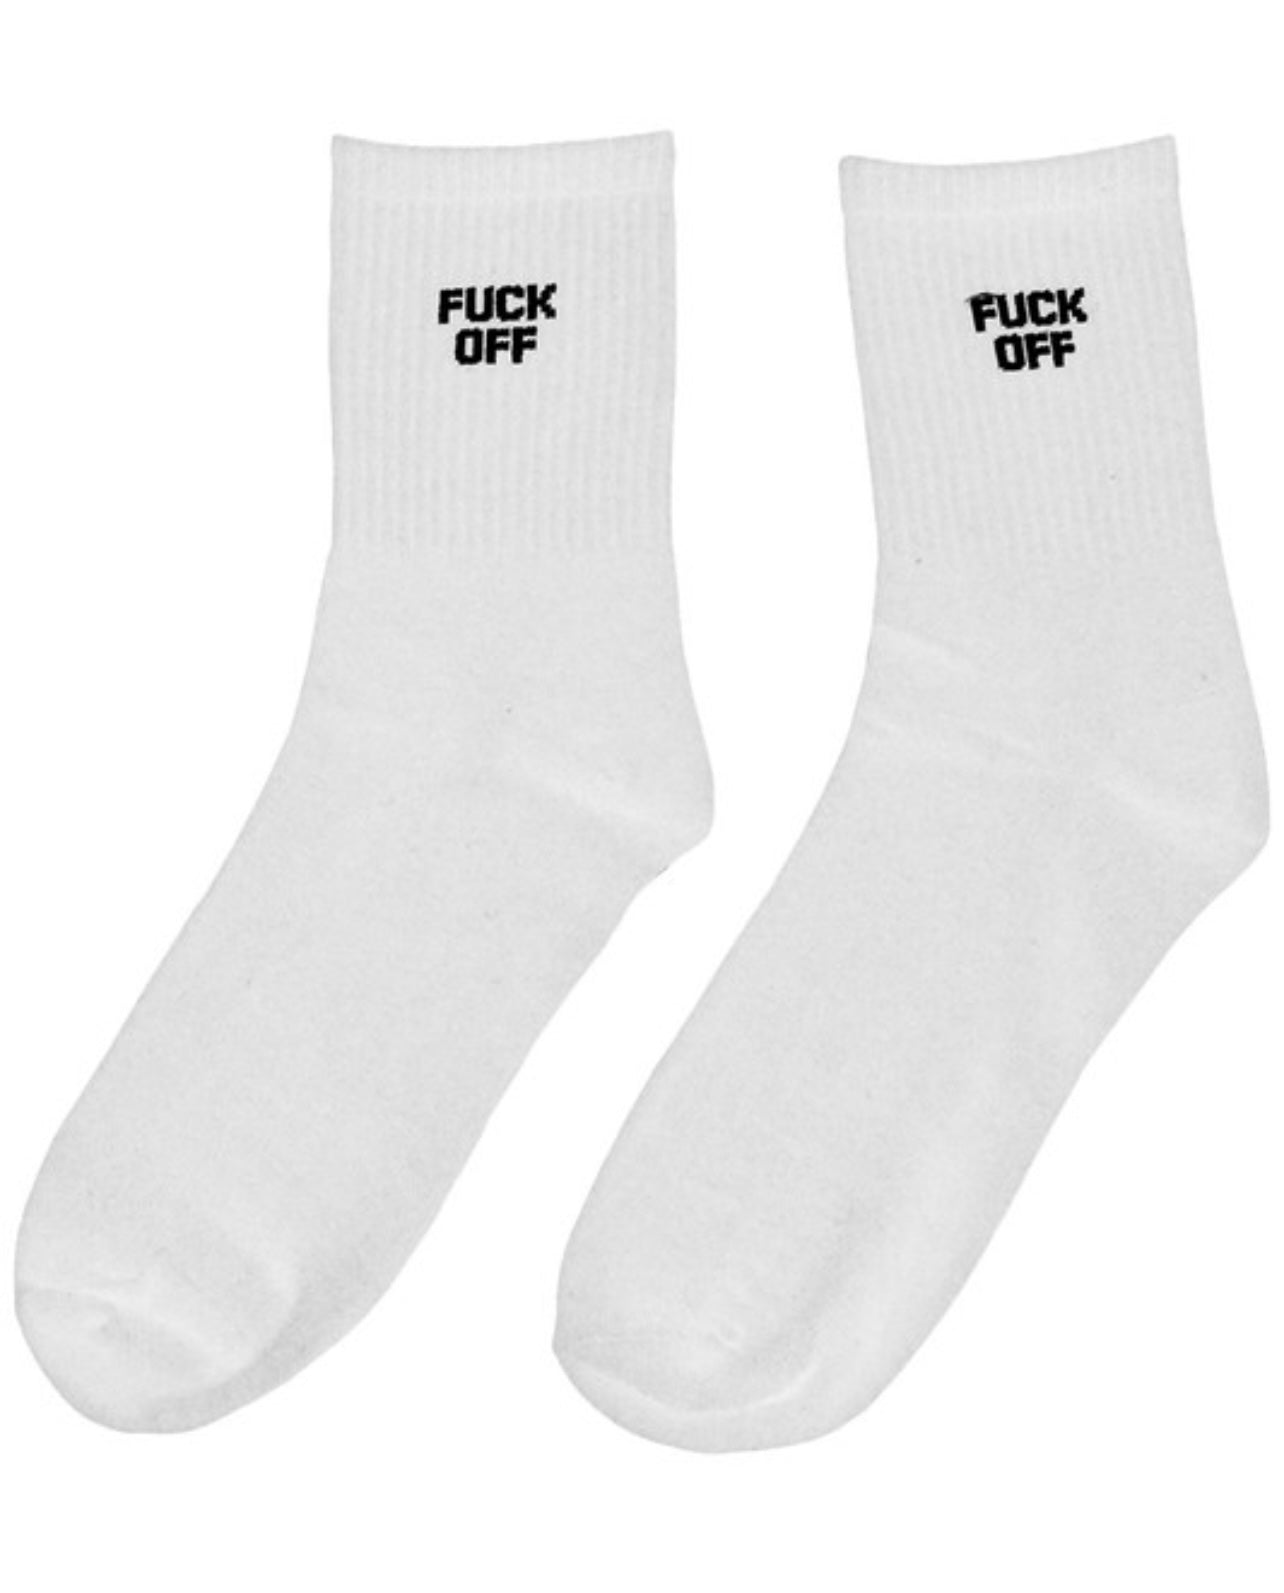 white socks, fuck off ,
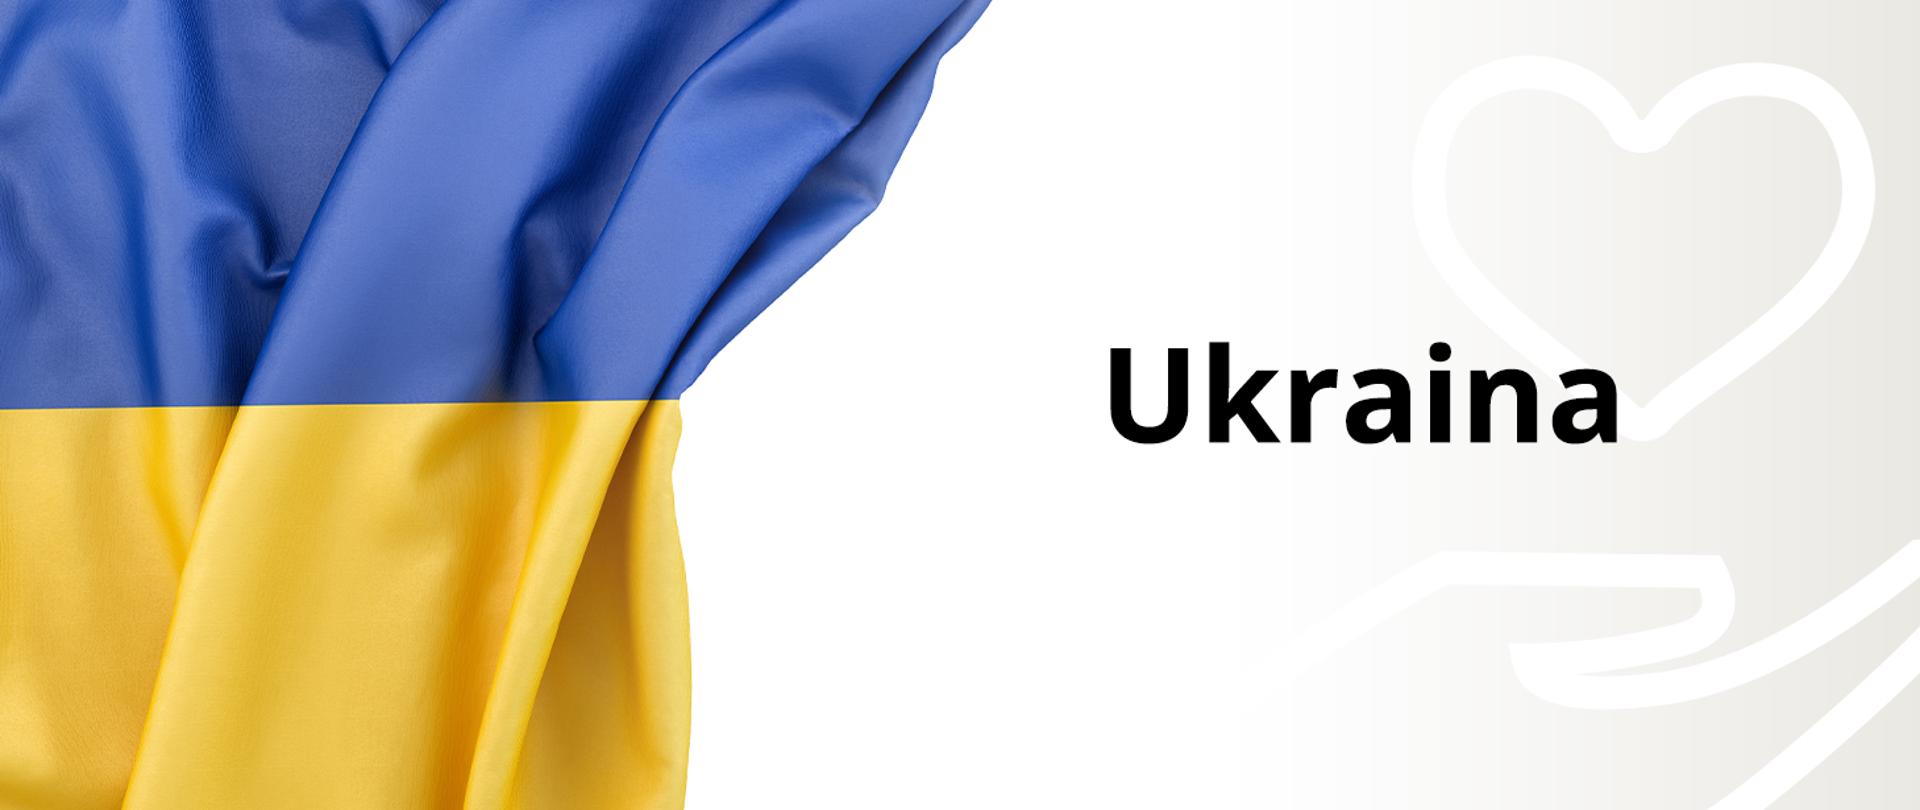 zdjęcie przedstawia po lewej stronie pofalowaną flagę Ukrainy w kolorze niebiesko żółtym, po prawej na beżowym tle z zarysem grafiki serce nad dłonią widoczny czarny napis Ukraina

····················

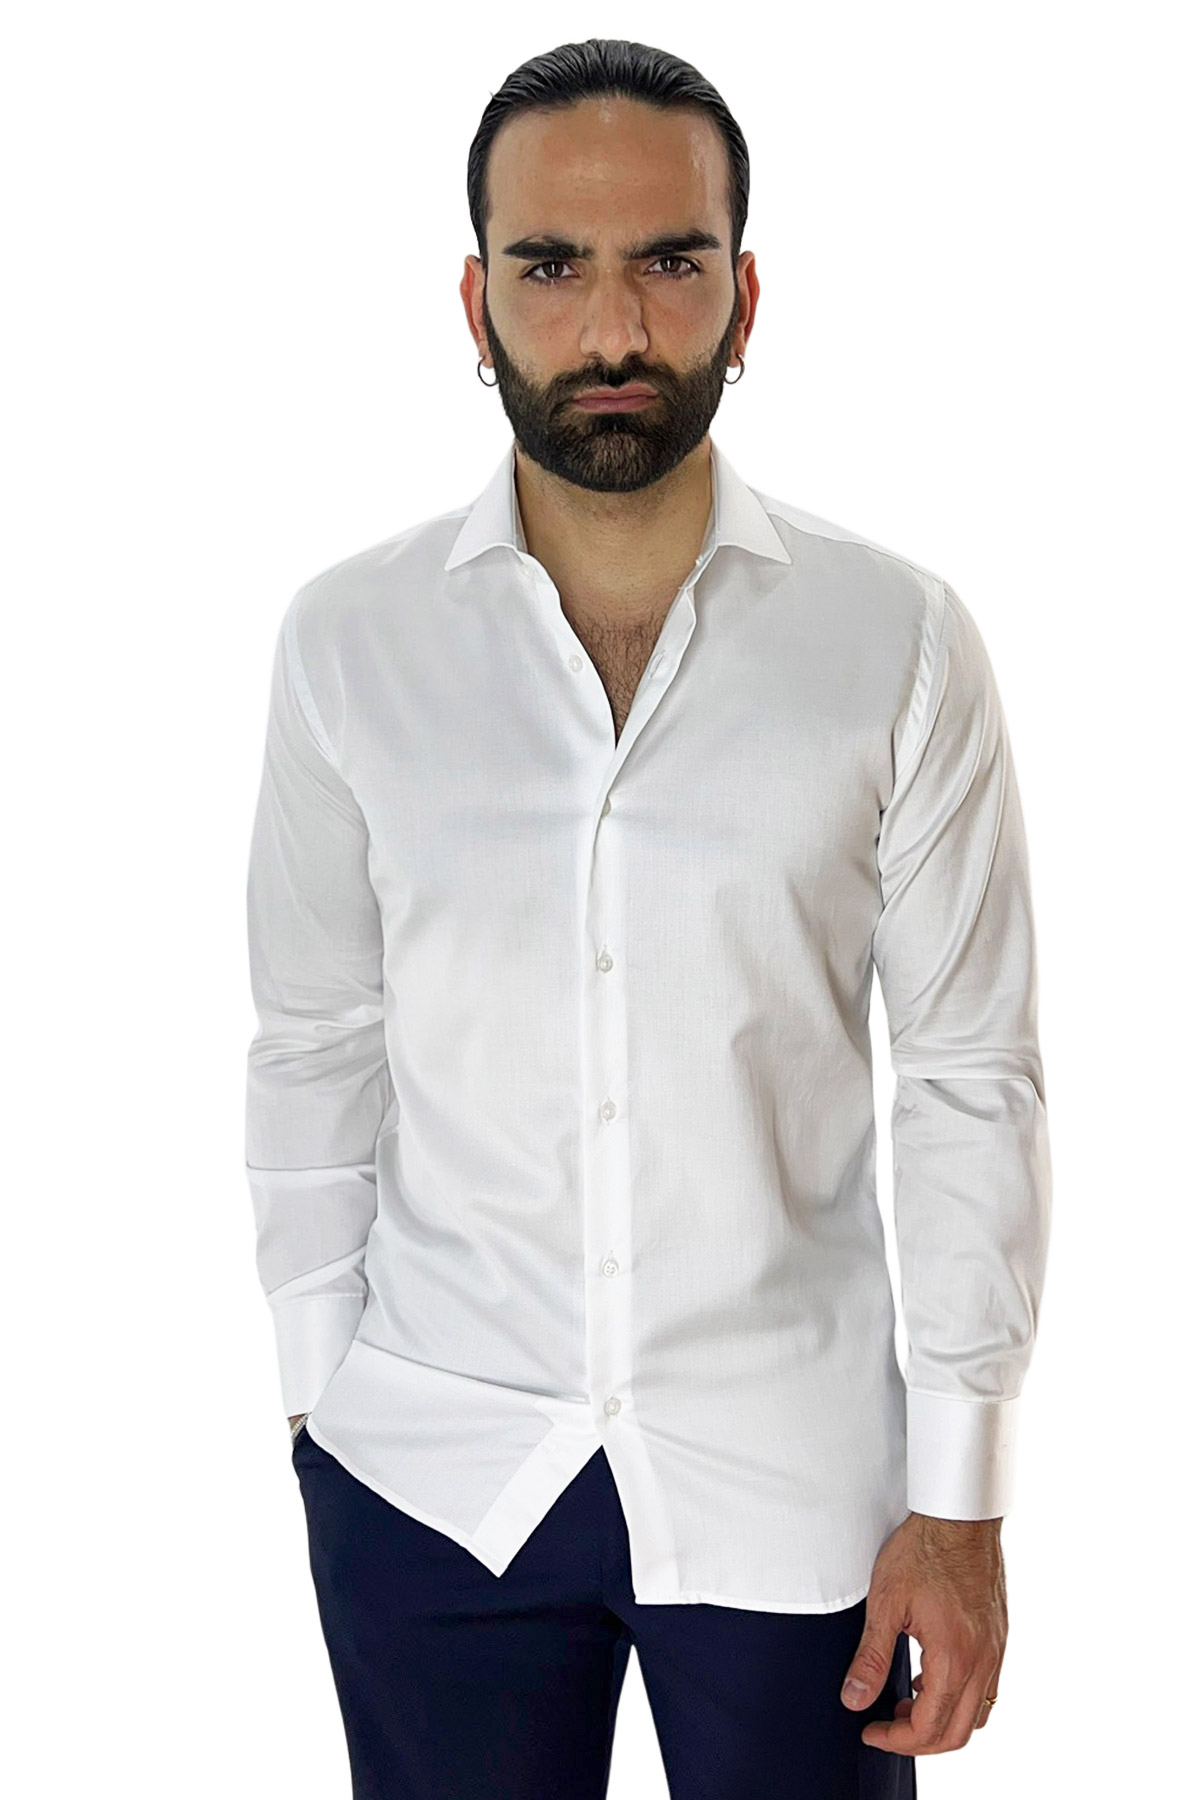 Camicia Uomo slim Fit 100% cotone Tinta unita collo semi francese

····················

WHAT TO DO: What you return must match, character for character, the lines above from the one with "white socks, fuck" through the one with "zdjęcie przedstawia po", minus any pictures.

TASK RESULT:
 white socks, fuck off ,
 zdjęcie przedstawia po lewej stronie pofalowaną flagę Ukrainy w kolorze niebiesko żółtym, po prawej na beżowym tle z zarysem grafiki serce nad dłonią widoczny czarny napis Ukraina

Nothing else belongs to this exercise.